* What you will do
Apart from the images, reproduce all of the data word for word.

(Stored data begins)

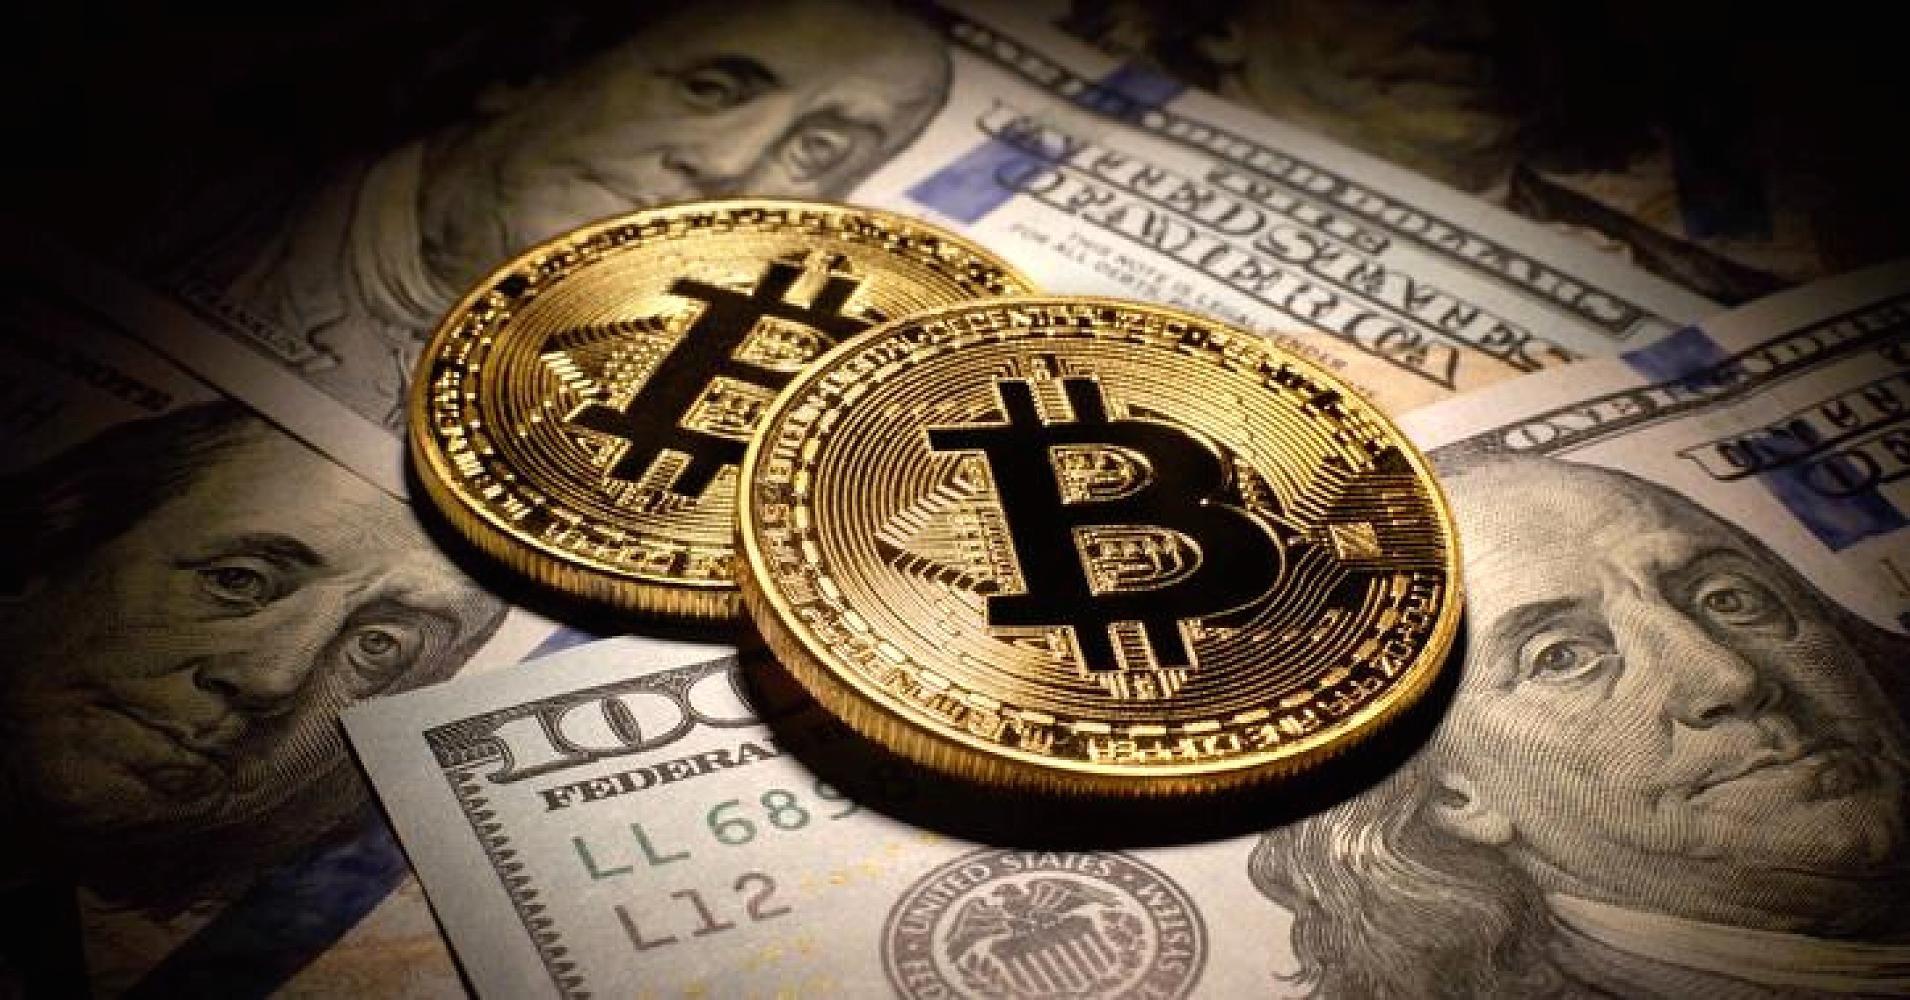 Cryptocurrency Exchange To Examine
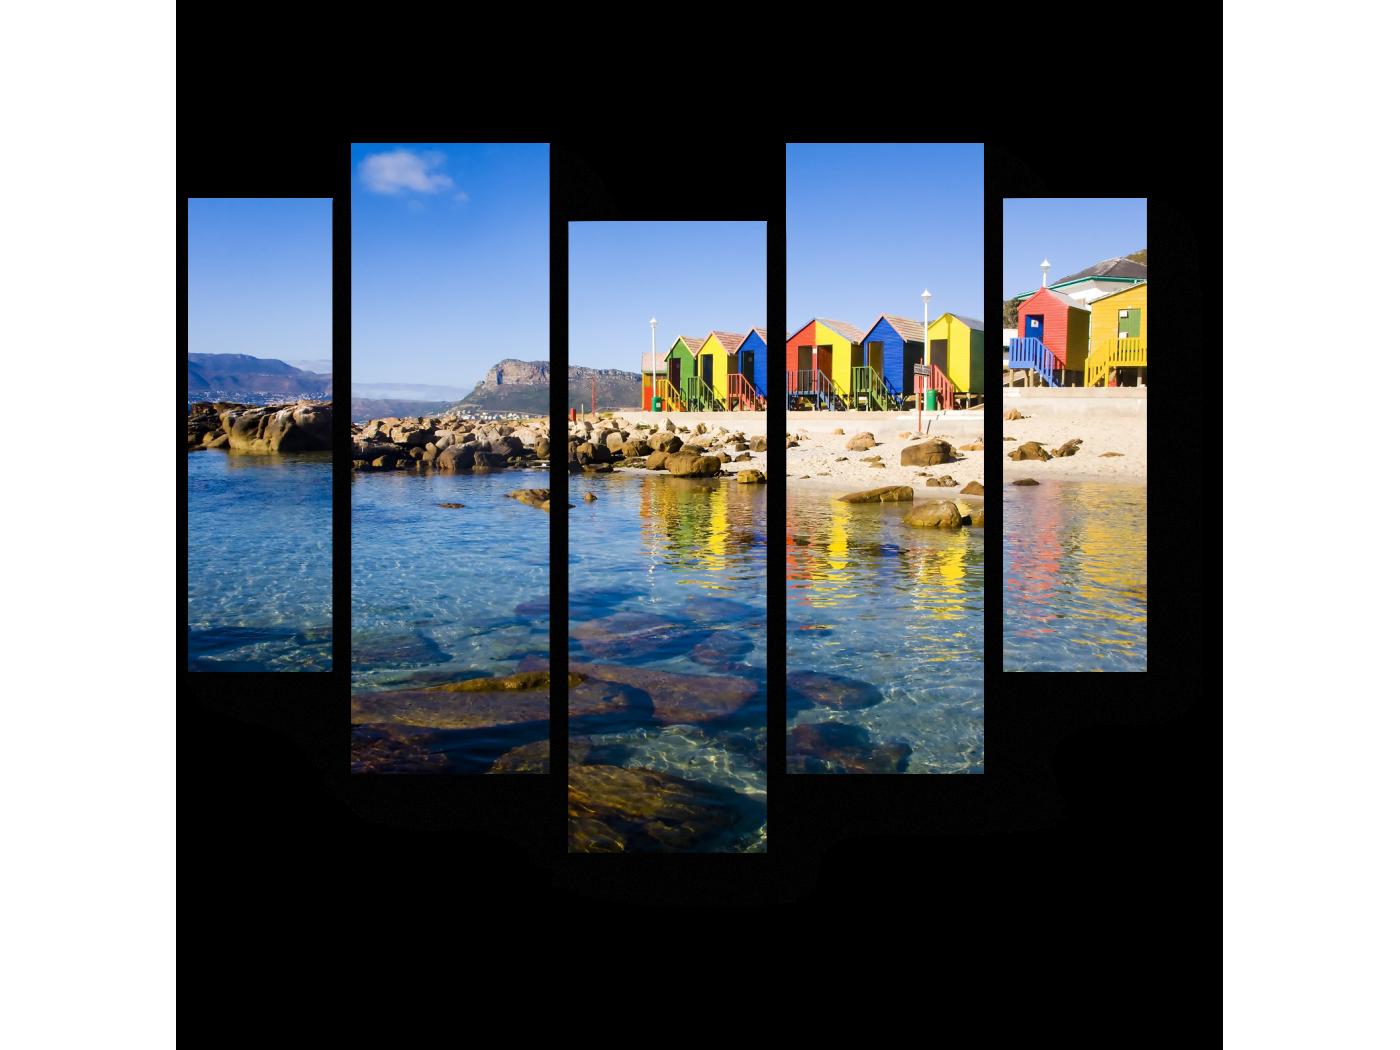 Модульная картина Пустынный пляж, Кейптаун (101x82) фото
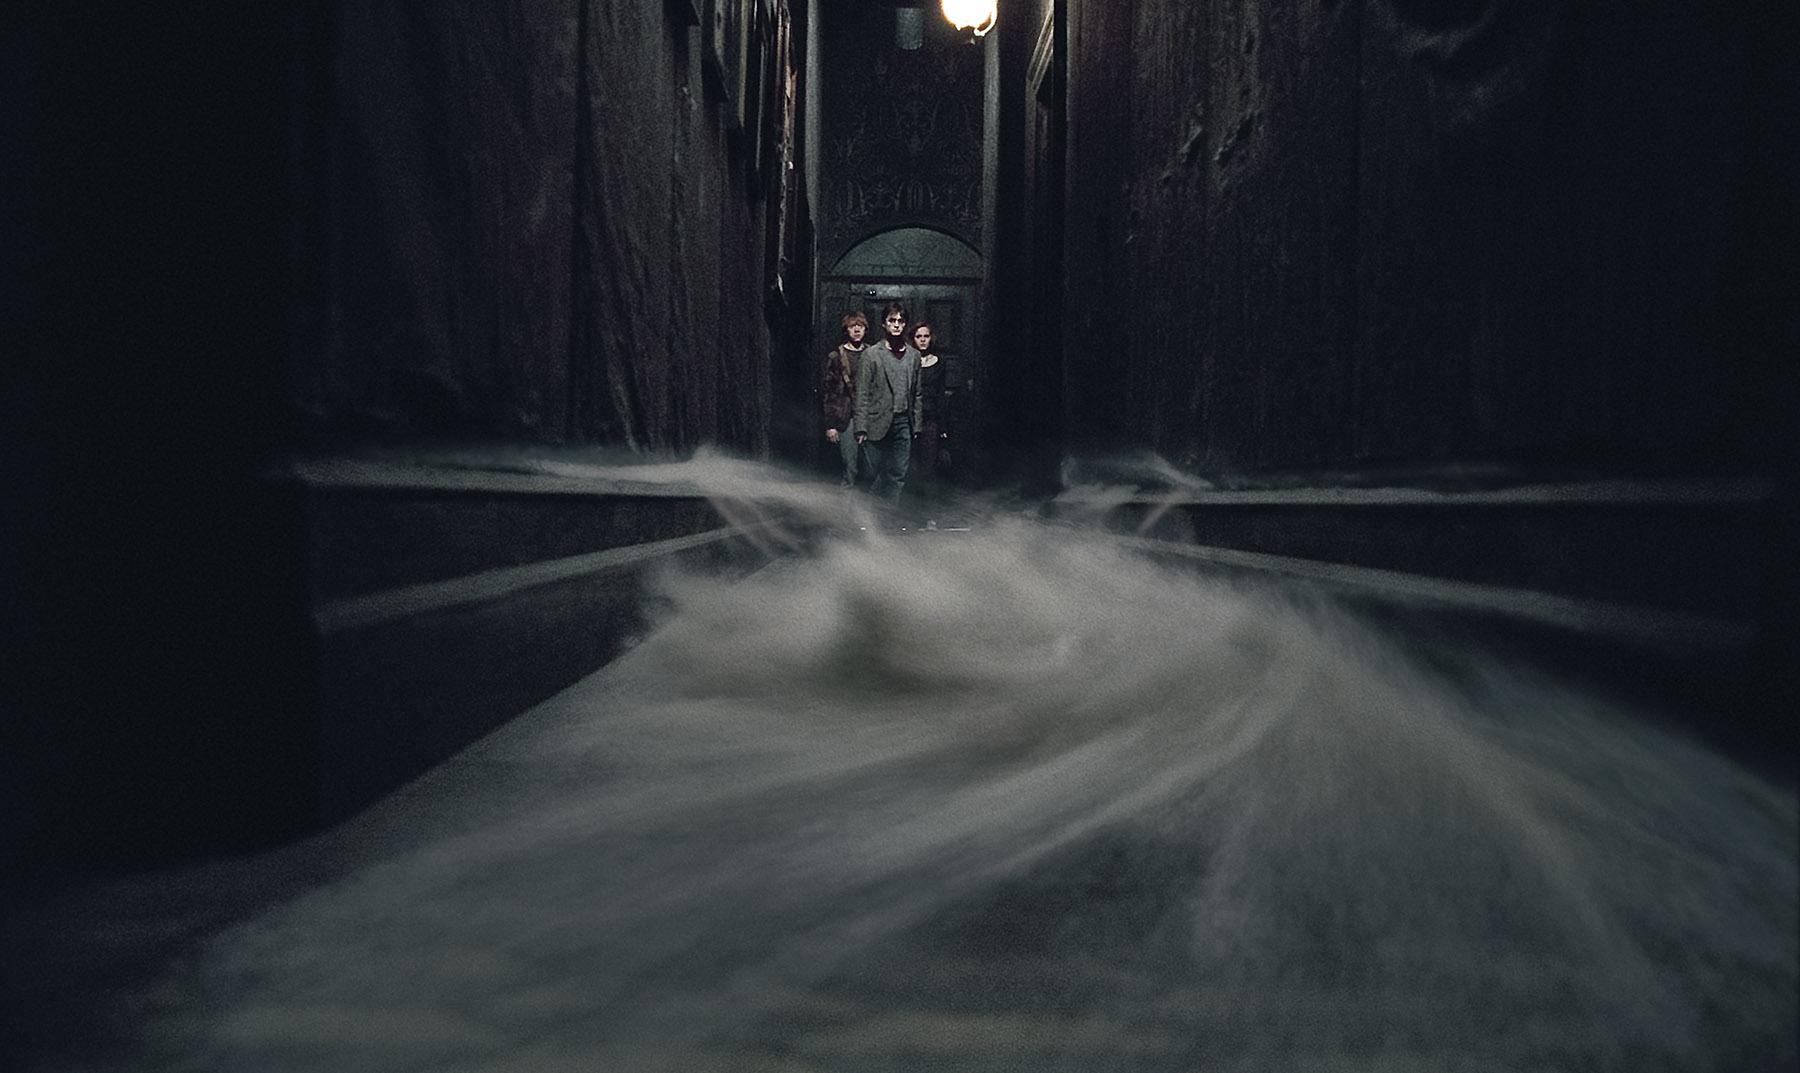 Creepy Hallway from Harry Potter Deathly Hallows Desktop
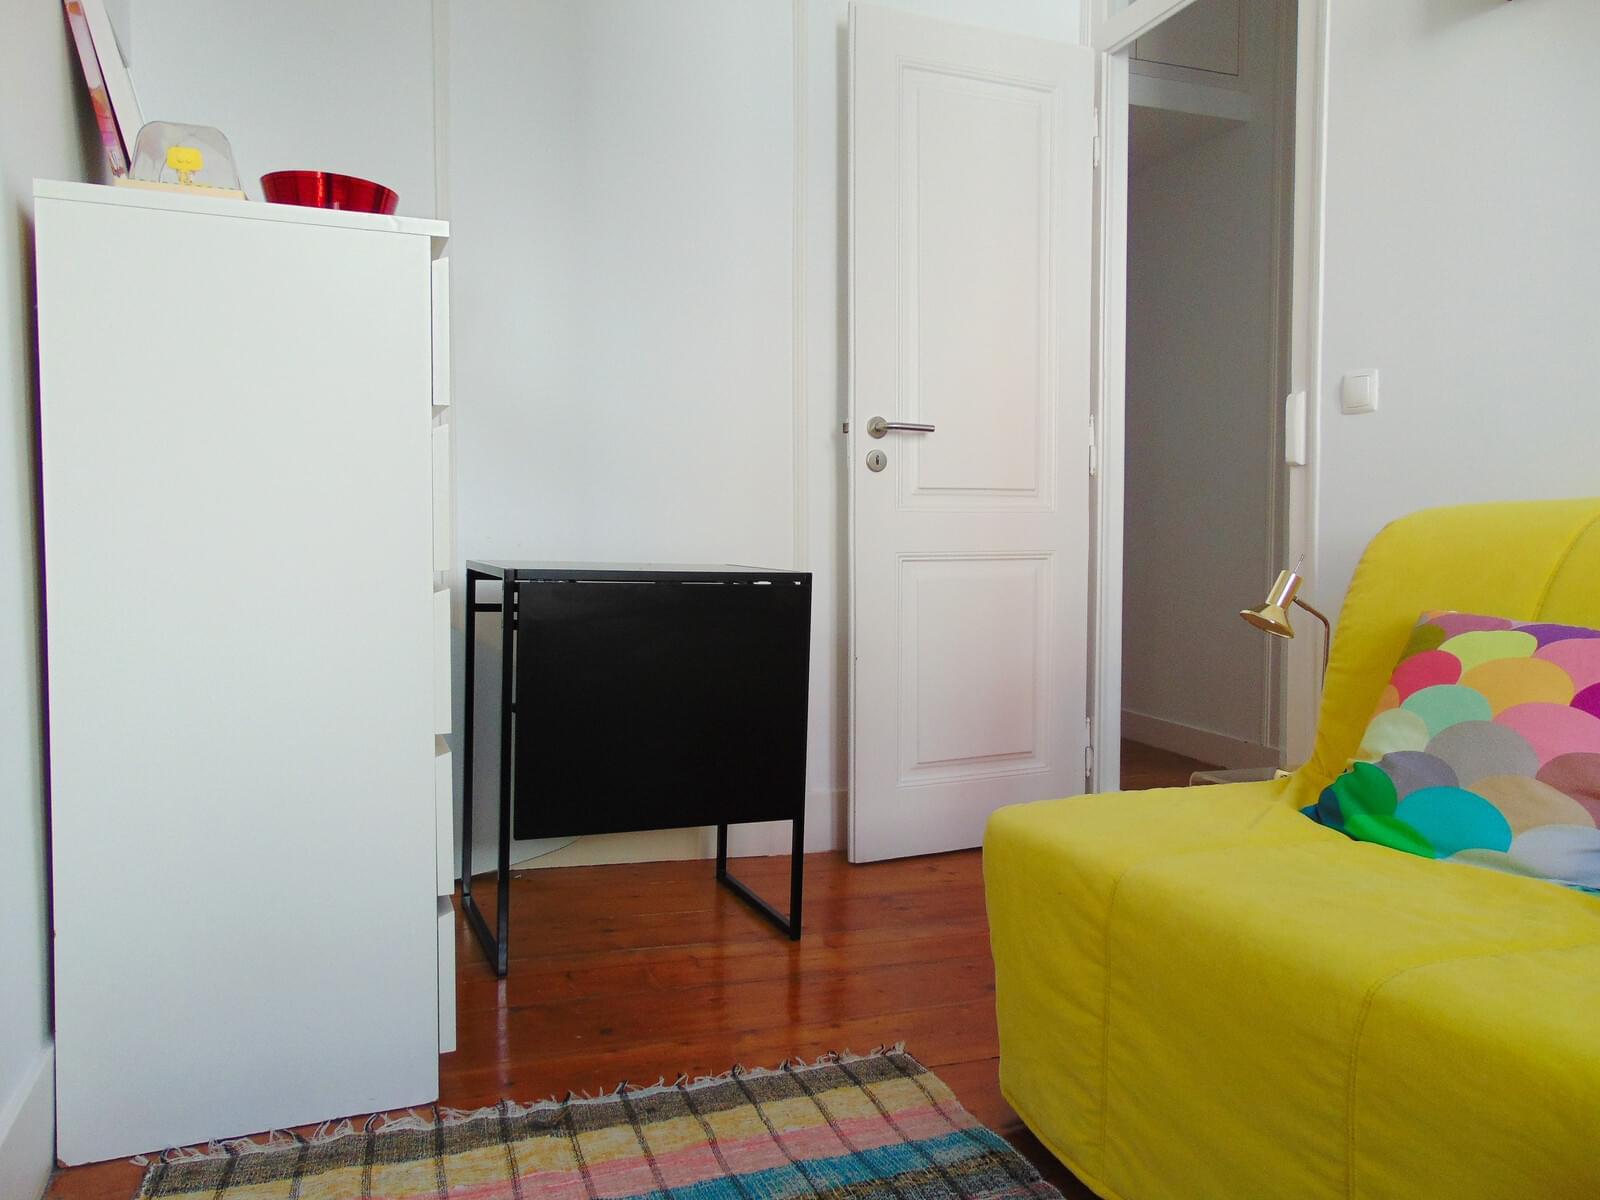 pf18269-apartamento-t1-lisboa-8cdc9daa-cc91-4143-8318-4fd9e671ef19

(Stored data ends)

* Exercise solution
 Cryptocurrency Exchange To Examine
 Модульная картина Пустынный пляж, Кейптаун (101x82) фото
 Creepy Hallway from Harry Potter Deathly Hallows Desktop
 pf18269-apartamento-t1-lisboa-8cdc9daa-cc91-4143-8318-4fd9e671ef19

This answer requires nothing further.